■ TASK TO COMPLETE: Below are entries; count the lines containing the string "thumbnail". The answer is that number alone.
== EXTRACTED ENTRIES
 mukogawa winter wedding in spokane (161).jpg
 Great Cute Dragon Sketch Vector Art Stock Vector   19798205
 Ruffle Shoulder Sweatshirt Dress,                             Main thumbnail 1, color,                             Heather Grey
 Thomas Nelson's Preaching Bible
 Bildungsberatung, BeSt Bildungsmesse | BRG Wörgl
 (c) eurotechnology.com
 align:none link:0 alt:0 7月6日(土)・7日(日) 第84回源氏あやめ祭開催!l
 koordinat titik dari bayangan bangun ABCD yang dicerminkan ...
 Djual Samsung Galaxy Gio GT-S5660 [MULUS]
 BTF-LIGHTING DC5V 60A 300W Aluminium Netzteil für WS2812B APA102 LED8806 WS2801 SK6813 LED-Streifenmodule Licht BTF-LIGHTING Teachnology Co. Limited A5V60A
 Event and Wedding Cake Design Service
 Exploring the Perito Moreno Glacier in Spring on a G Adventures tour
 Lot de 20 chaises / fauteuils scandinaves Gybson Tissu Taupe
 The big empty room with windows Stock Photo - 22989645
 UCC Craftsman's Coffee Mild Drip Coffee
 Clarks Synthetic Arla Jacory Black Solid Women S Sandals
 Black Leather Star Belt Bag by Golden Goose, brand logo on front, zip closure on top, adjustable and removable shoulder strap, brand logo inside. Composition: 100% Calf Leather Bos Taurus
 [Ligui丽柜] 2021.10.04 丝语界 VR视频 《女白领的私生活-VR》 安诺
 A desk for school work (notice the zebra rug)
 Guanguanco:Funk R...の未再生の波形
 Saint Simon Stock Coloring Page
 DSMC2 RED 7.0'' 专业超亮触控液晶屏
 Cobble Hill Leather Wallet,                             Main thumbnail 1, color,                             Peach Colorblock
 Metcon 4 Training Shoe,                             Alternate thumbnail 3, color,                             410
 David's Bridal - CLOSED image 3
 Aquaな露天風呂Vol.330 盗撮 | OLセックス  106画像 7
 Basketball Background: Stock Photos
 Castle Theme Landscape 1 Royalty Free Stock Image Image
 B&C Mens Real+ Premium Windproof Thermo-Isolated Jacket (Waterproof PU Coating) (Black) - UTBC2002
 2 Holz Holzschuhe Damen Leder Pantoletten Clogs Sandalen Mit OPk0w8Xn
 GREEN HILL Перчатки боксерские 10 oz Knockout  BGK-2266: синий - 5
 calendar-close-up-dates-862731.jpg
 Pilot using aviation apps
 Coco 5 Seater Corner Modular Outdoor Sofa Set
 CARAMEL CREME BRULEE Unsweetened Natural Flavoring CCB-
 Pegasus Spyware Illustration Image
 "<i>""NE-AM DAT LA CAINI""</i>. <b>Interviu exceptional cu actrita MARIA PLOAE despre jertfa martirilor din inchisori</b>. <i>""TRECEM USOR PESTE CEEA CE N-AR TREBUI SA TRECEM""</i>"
====
■ TASK SOLUTION: 3